“Dry land at last,” said Marvin, “I was beginning to think Oregon is an island.”
We were trying to circumnavigate Oregon as an adventure. We started the furthest south, where California and Oregon join with the Pacific Ocean and headed north toward the Columbia River. Oregon’s boundary is a nautical league offshore… that’s about three miles of water for those unfamiliar with nautical terms.
Oregon’s boundary then follows the Columbia River 309 river miles upstream, zig-zagging with the flow of the river, until just about 17 miles east of the McNary dam near Umatilla where the 46th parallel comes ashore heading easterly, forming the rest of the boundary with Washington.
“That’s about 660 miles by water so far,” I replied. “We have about 100 miles of dry land before we reach the Snake River where Oregon, Washington, and Idaho form a tri-corner about a mile below the confluence with Cache Creek.”

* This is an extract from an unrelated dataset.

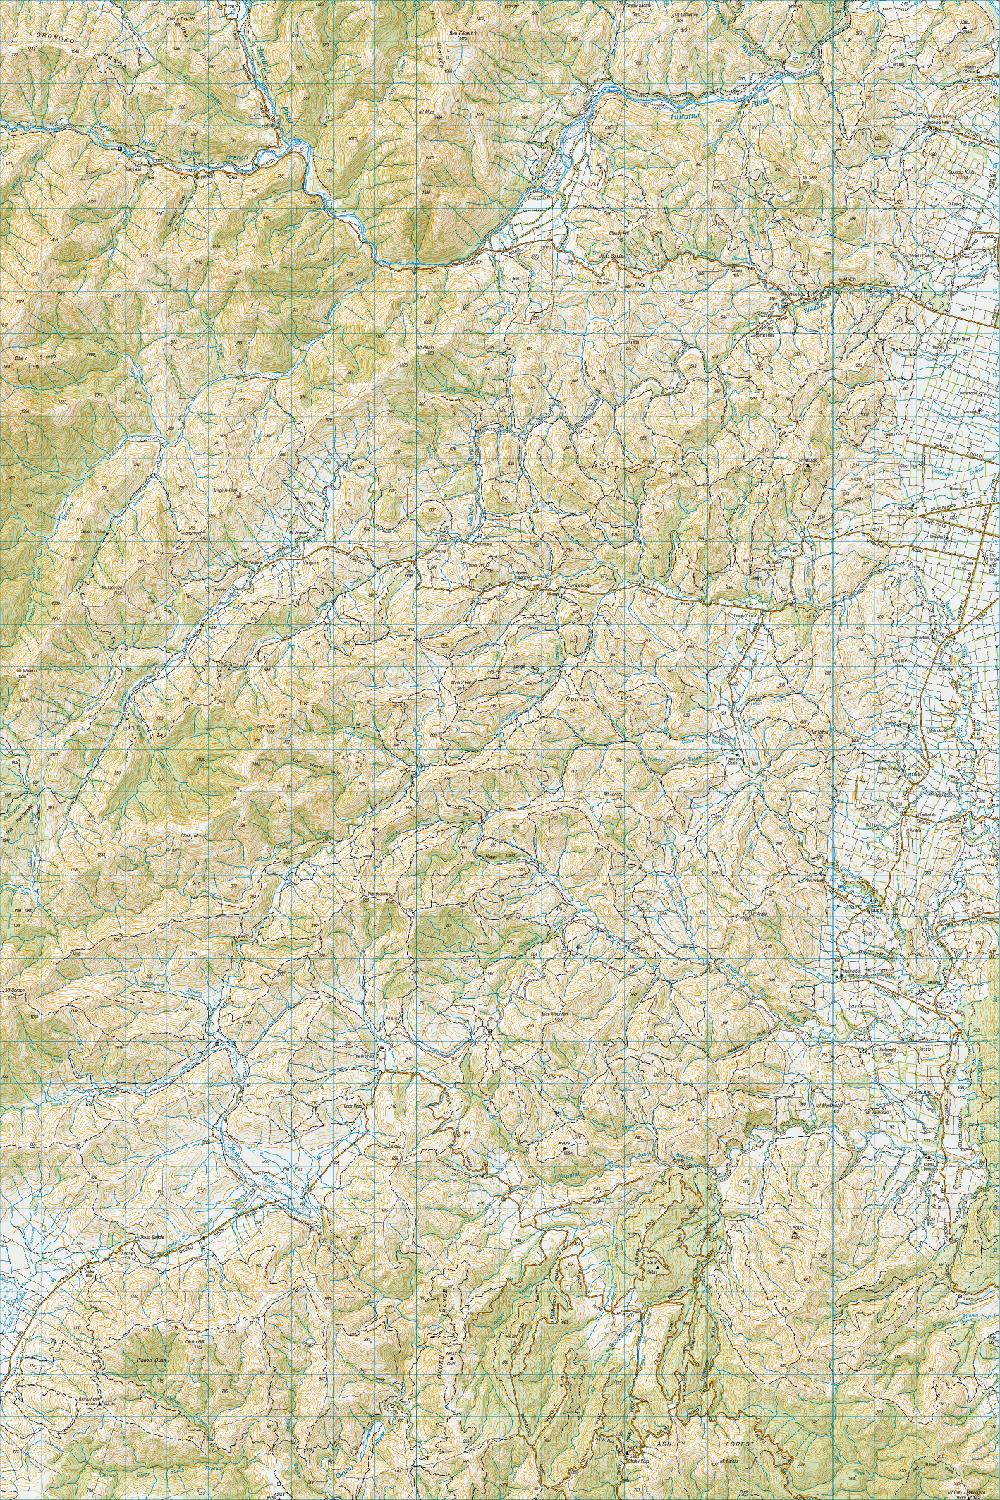 Topo map of Virginia

“Can we drive any of that?”
“Just a few miles along the state line near Walla Walla, the rest is wilderness.”
“So, what now?”
“We can follow the footsteps of Lewis and Clark and use water grade… the Snake River is tributary to the Columbia… we will have to do some of that by boat.”

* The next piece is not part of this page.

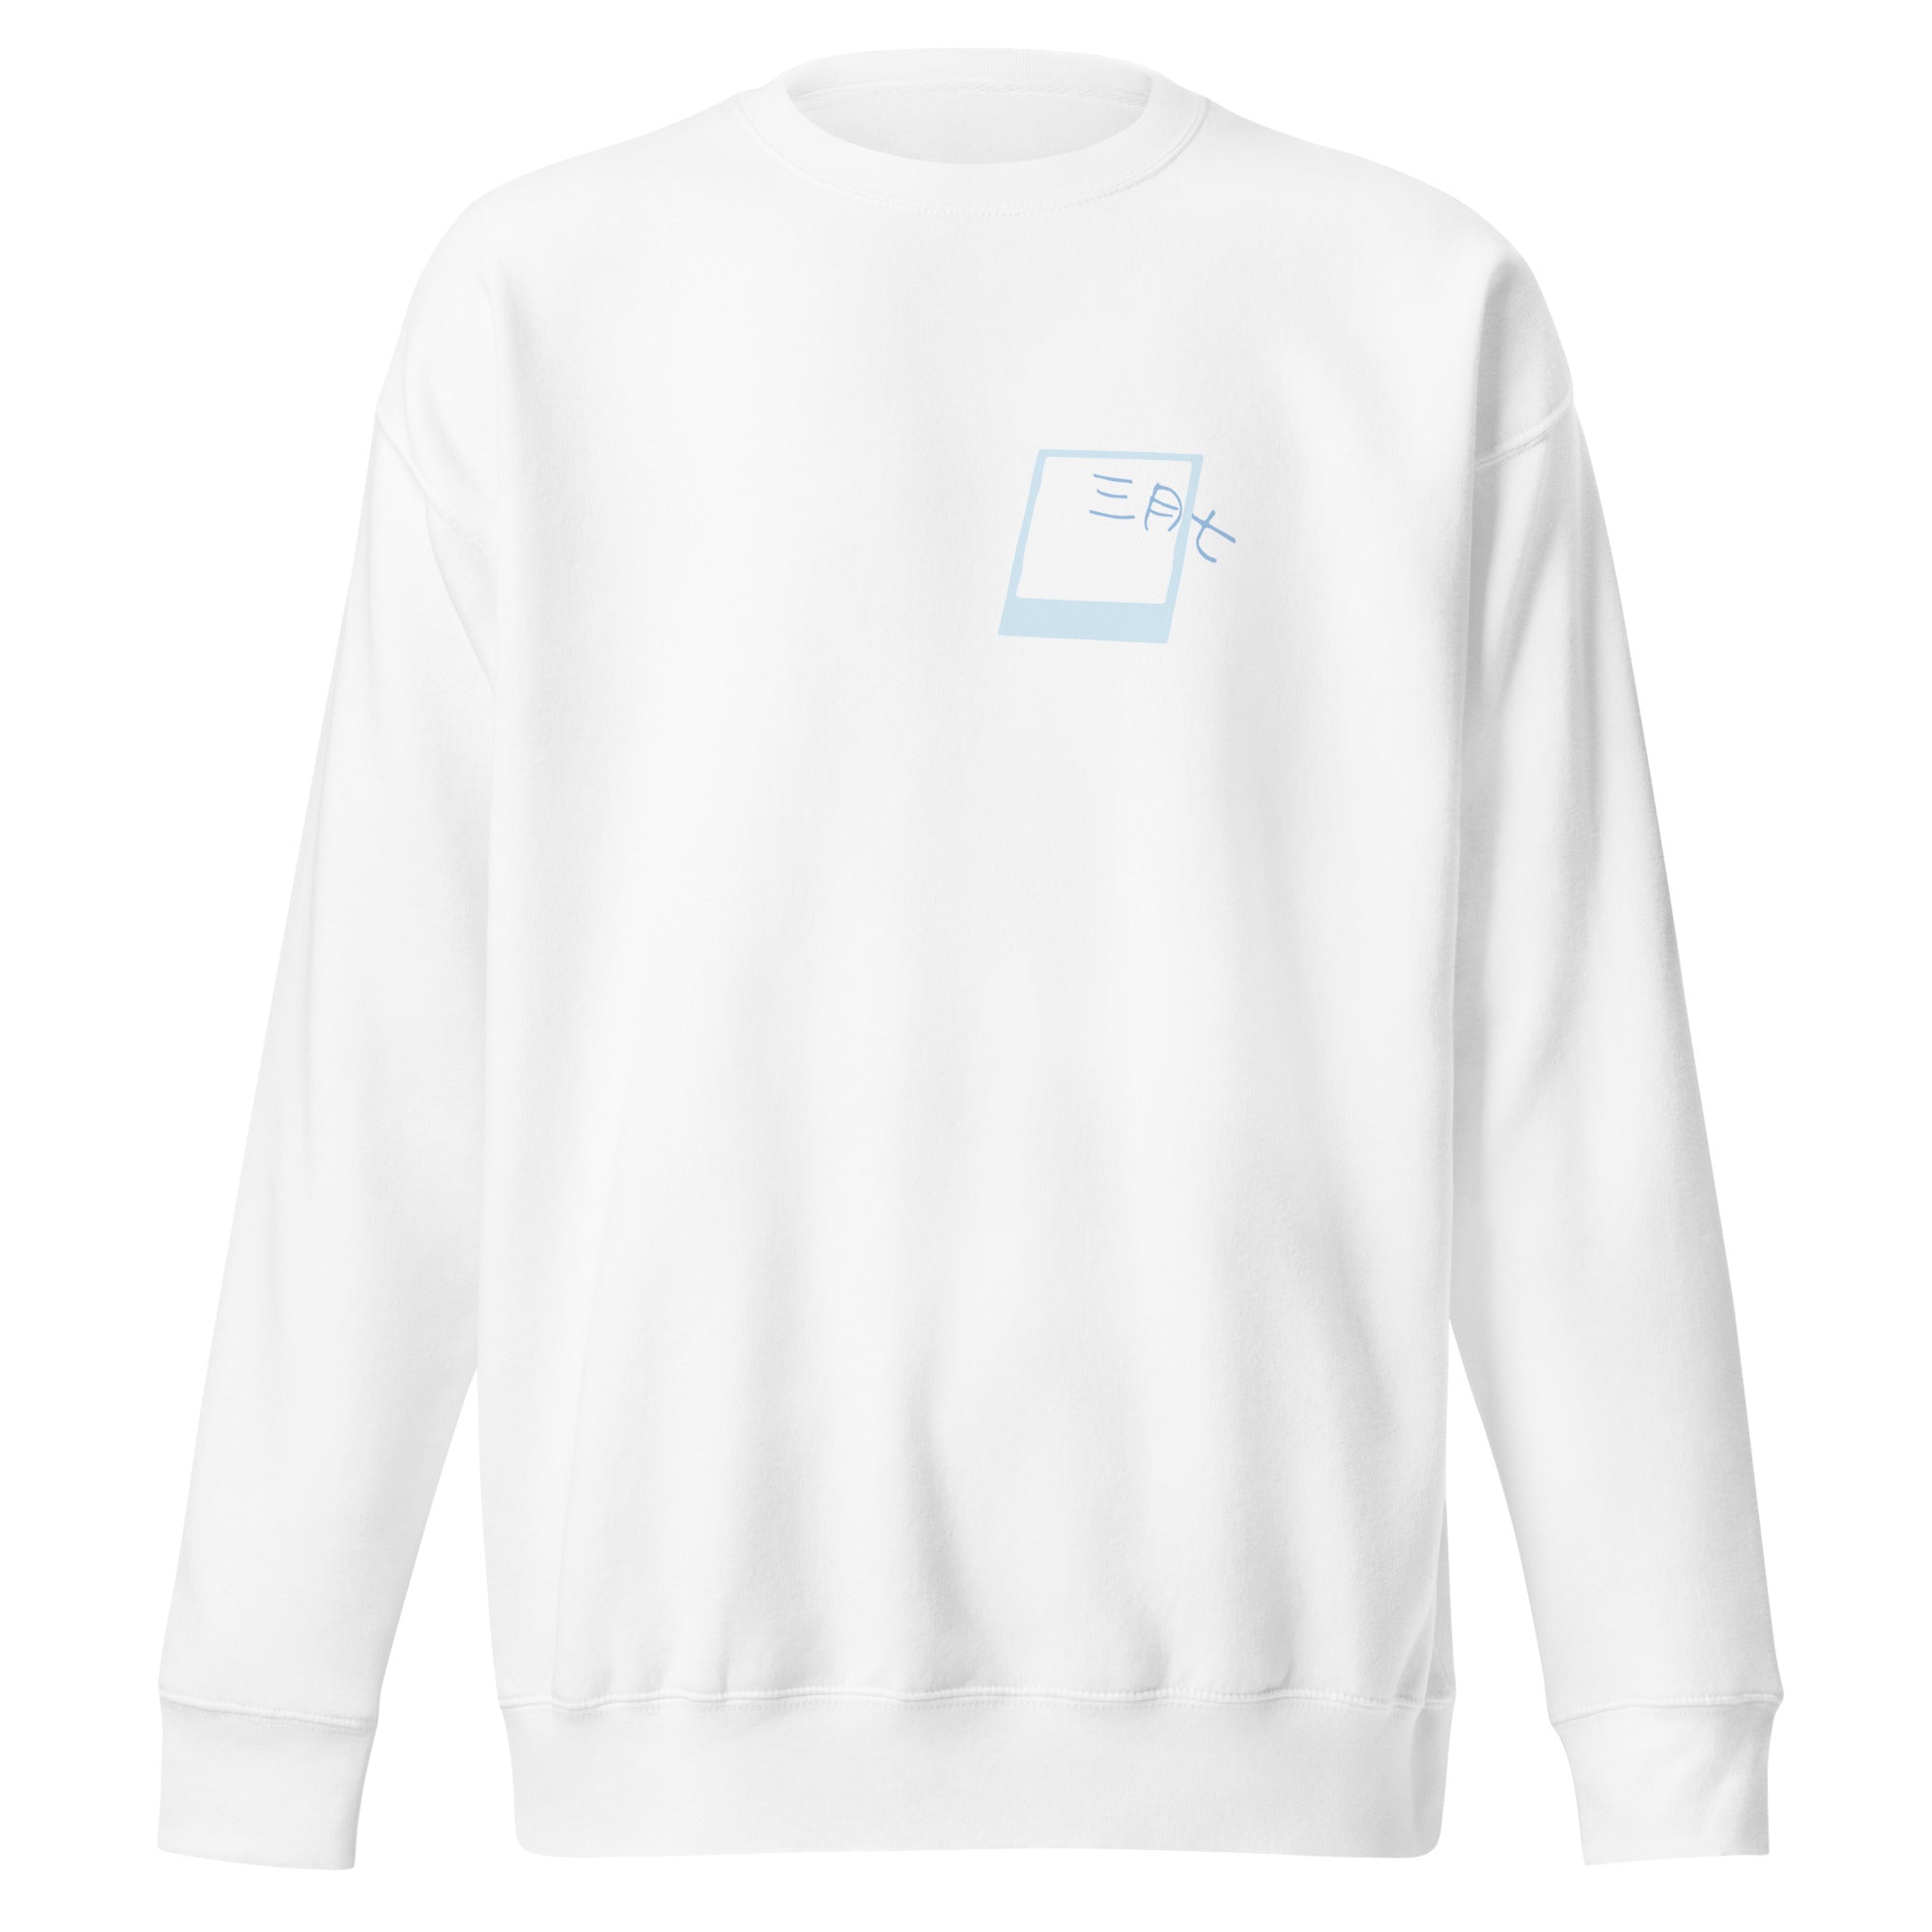 7TH • sweatshirt - Jackler - anime-inspired streetwear - anime clothing

“Do you know what Walla Walla means in Wiradjuri?”
“Probably not the same thing it means to the Walla Walla Nation.”
“It’s ‘the place of many rocks’ in Wiradjuri.”
“OK… so far we have been the farthest south, west and north on land in Oregon but the legal boundary has been covered with water… now we are headed for the farthest east in Oregon… guess what?… it’s in the water… in the Snake River.”
“Just as I suspected… Oregon is an island… it has water all around… that’s the exact definition of an island.”